FILE PHOTO: A nighttime view of Europe made possible by the Visible Infrared Imaging Radiometer Suite (VIIRS) is seen in a global composite assembled from data acquired by the Suomi National Polar-orbiting Partnership (Suomi NPP) satellite in 2012 and released by NASA October 2, 2014 . REUTERS/NASA/Handout
February 15, 2022
By Foo Yun Chee
STRASBOURG (Reuters) – The European Commission on Tuesday set out a 6 billion-euro ($6.8 billion) satellite communications plan, part of a push to cut the European Union’s dependence on foreign companies and protect key communications services and surveillance data against any outside interference.
The move comes amid growing concerns over Russian and Chinese military advances in outer space and a surge in satellite launches.
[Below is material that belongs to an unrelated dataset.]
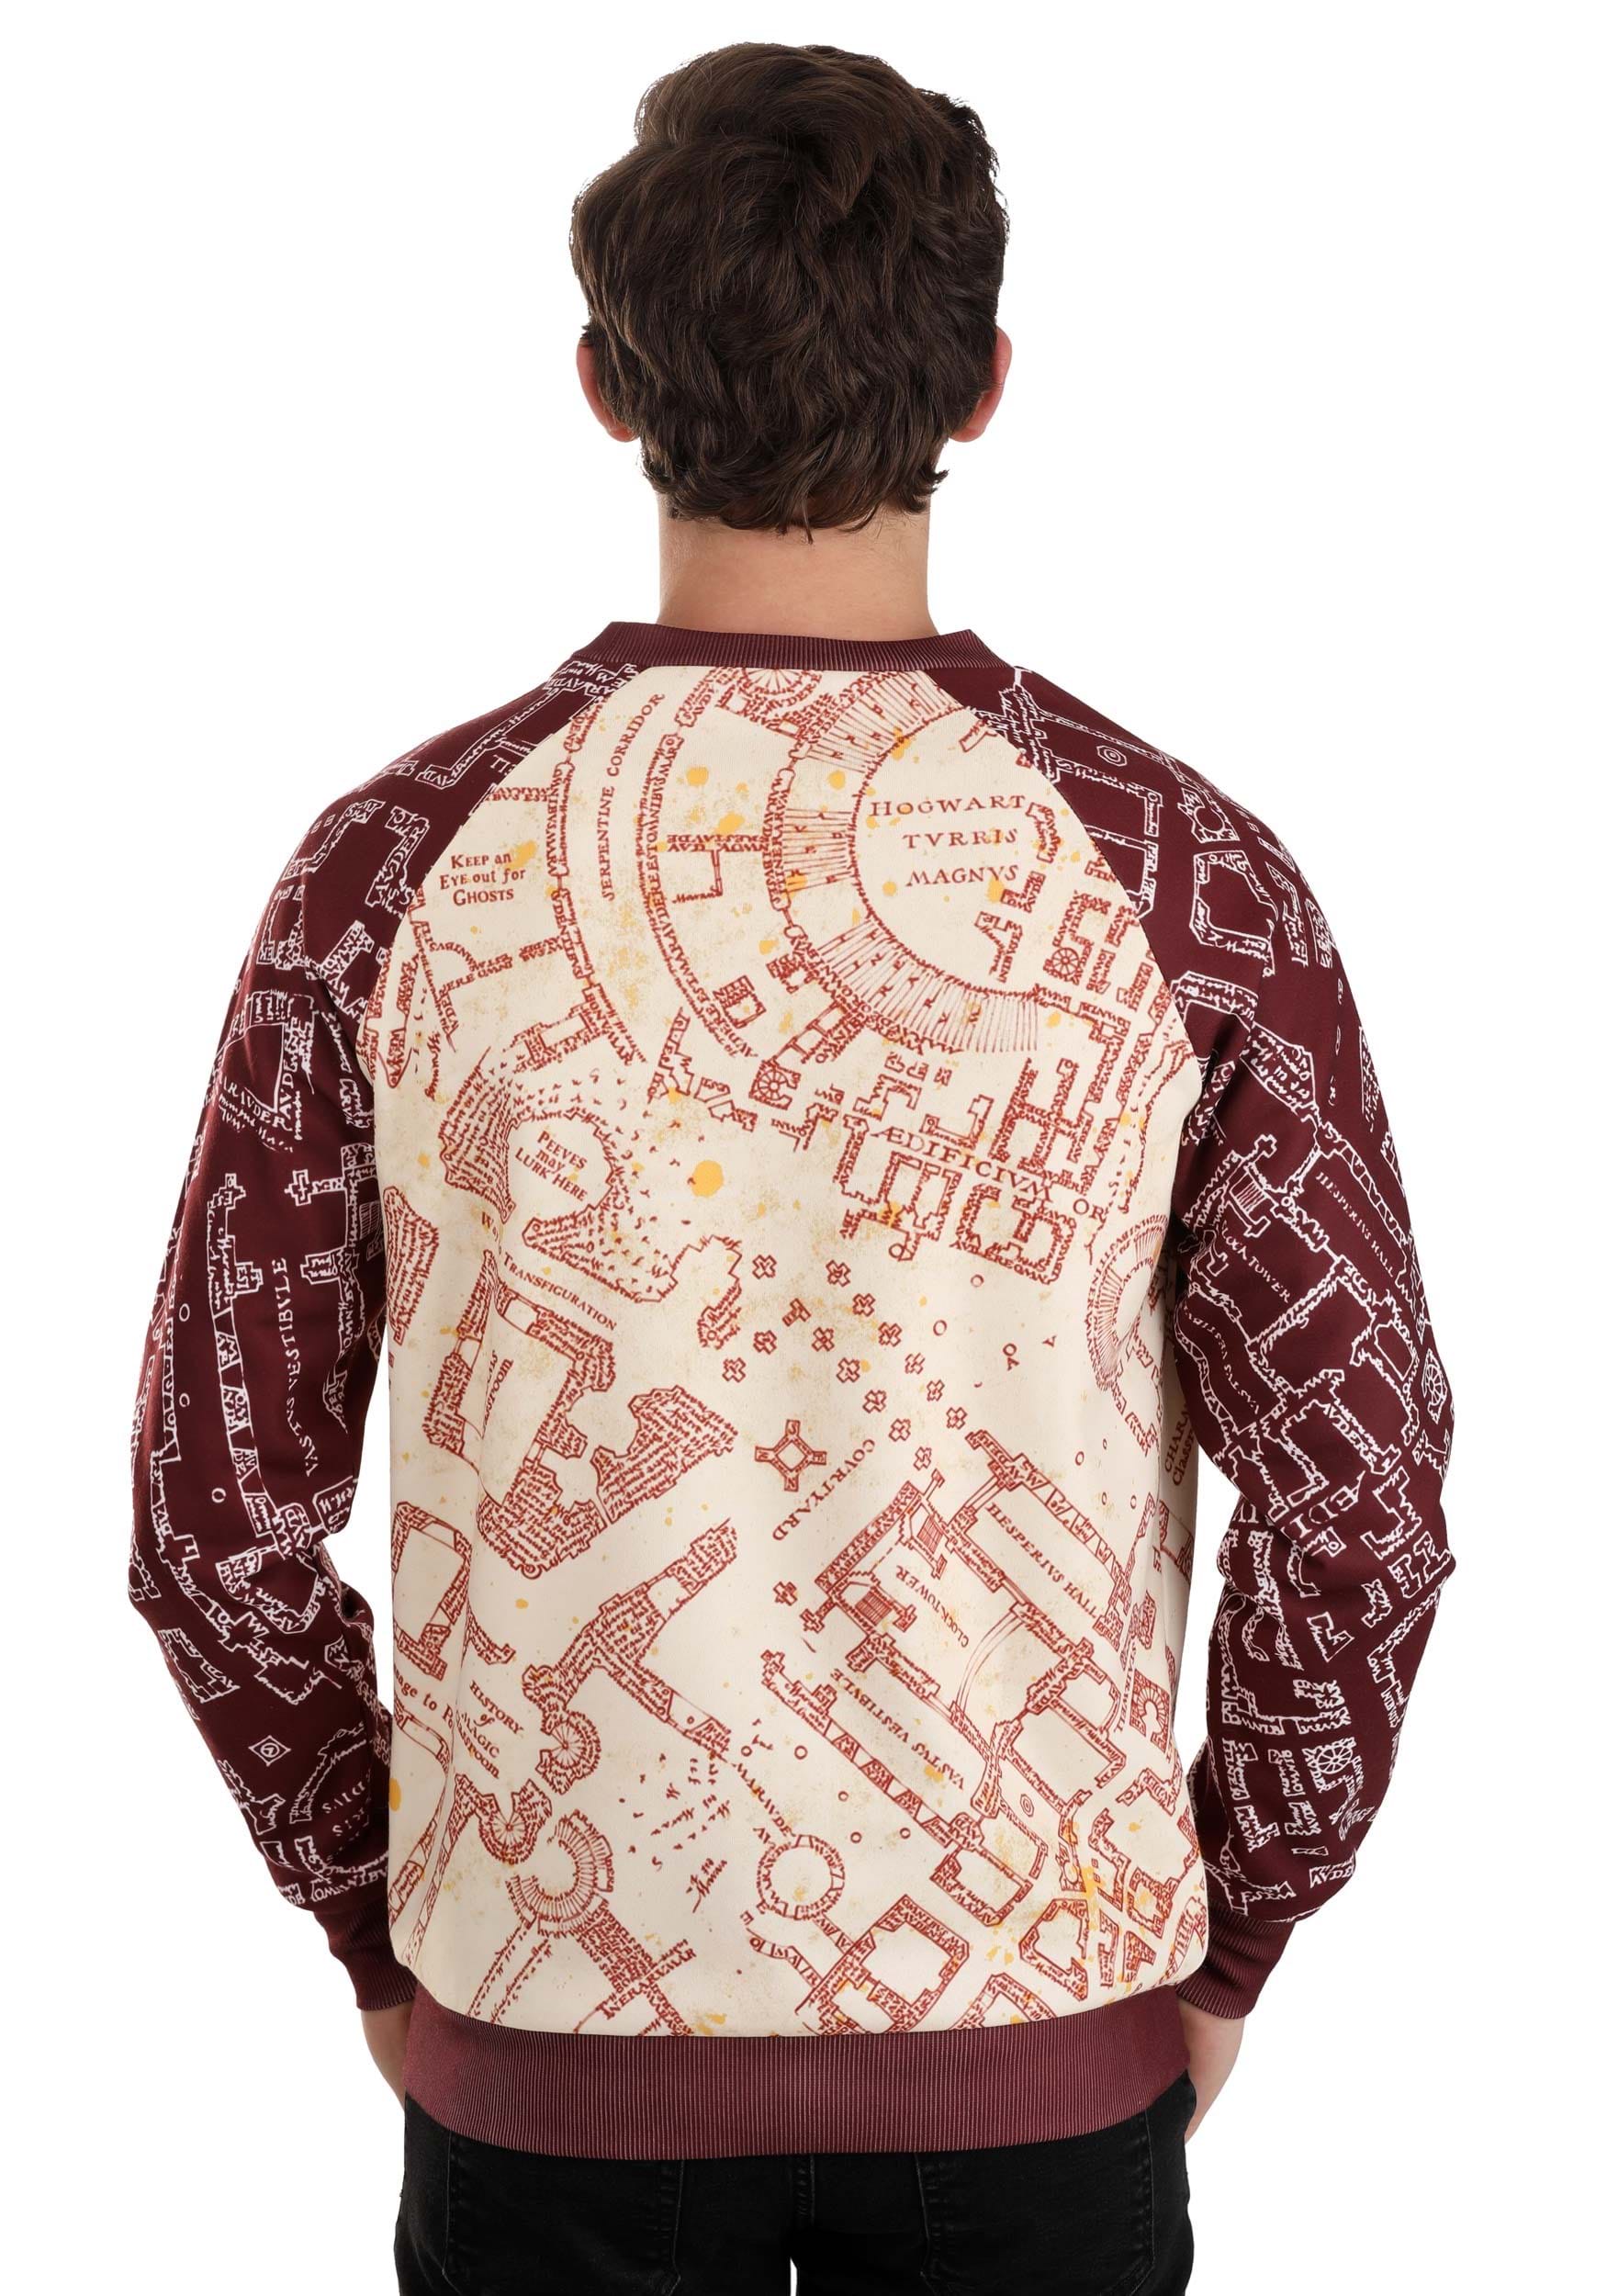 Adult HP Marauder's Map Sweatshirt , Harry Potter Gifts
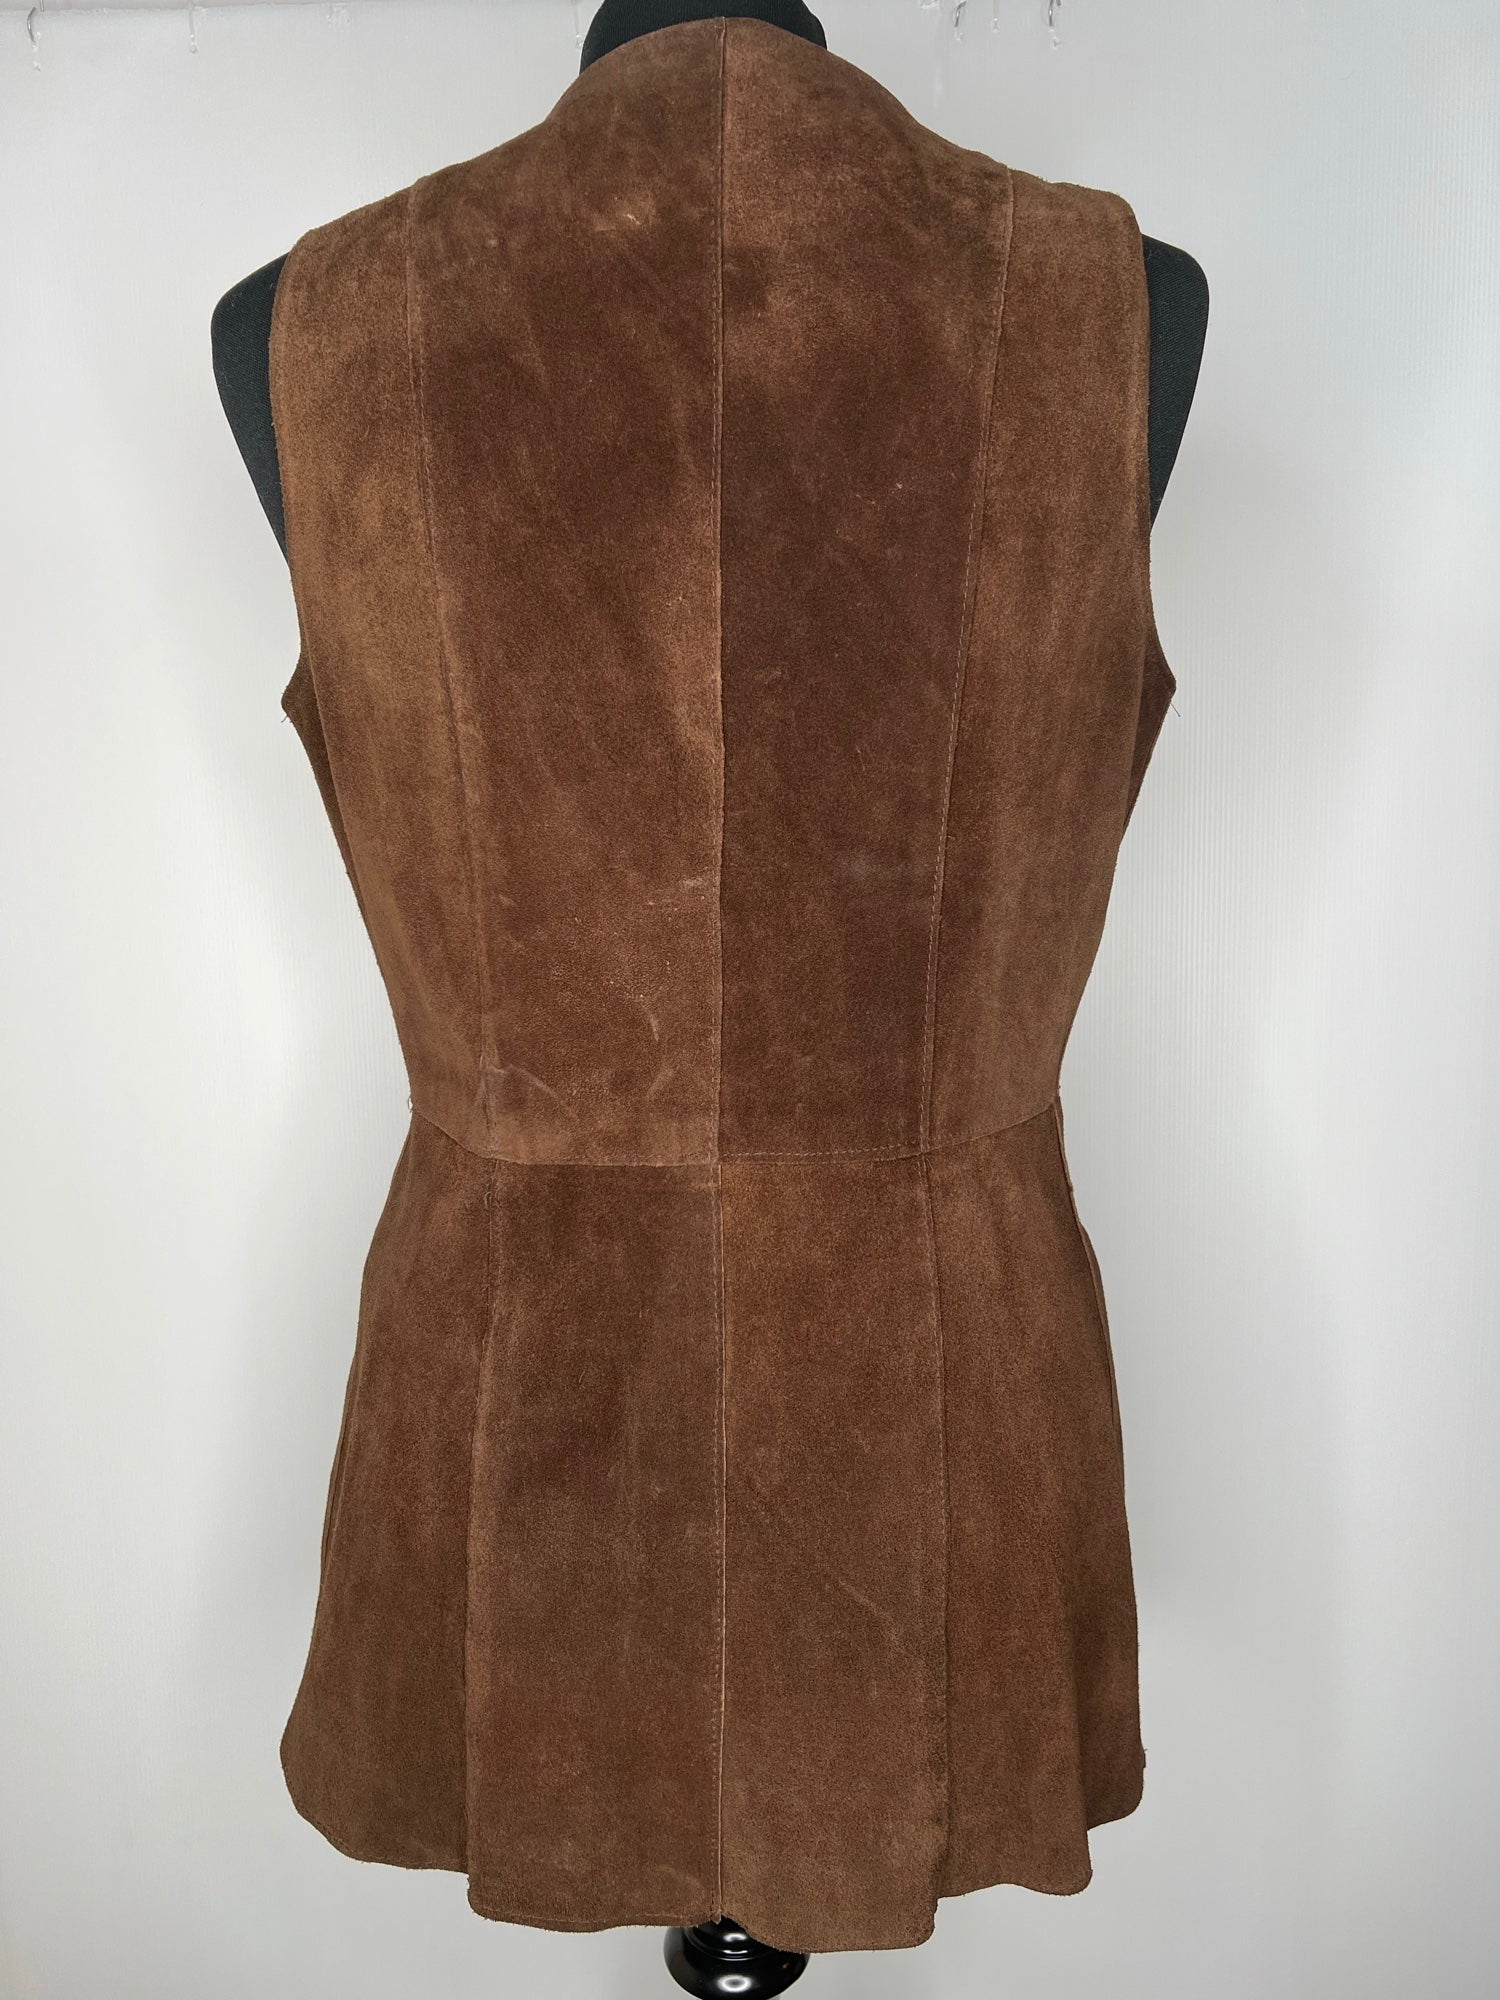 waistcoat  vintage  vest  tunic  Suede Jacket  Suede  mod  Jacket  hippie  gogo  brown  boho  70s  60s  1970s  1960s  12

Commercial operators such a Elon Musk’s SpaceX and its Starlink network that aims to launch tens of thousands of satellites to supply global space-based wifi have also contributed to a fast-growing satellite population and resulting debris.
“Our new connectivity infrastructure will deliver high-speed internet access, serve as a back-up to our current internet infrastructure, increase our resilience and cyber security, and provide connectivity to the whole of Europe and Africa,” EU industry chief Thierry Breton said in a statement.
The EU proposal aims to build and operate a space-based state-of-the-art connectivity system, help to counter cyber and electromagnetic threats and improve the resilience of EU telecommunication infrastructures
The 6 billion euro cost will be funded by a 2.4 billion euro contribution from the EU from 2022 until 2027, the EU budget, EU countries, the European Space Agency and private investments.
The EU aims to launch the programme next year.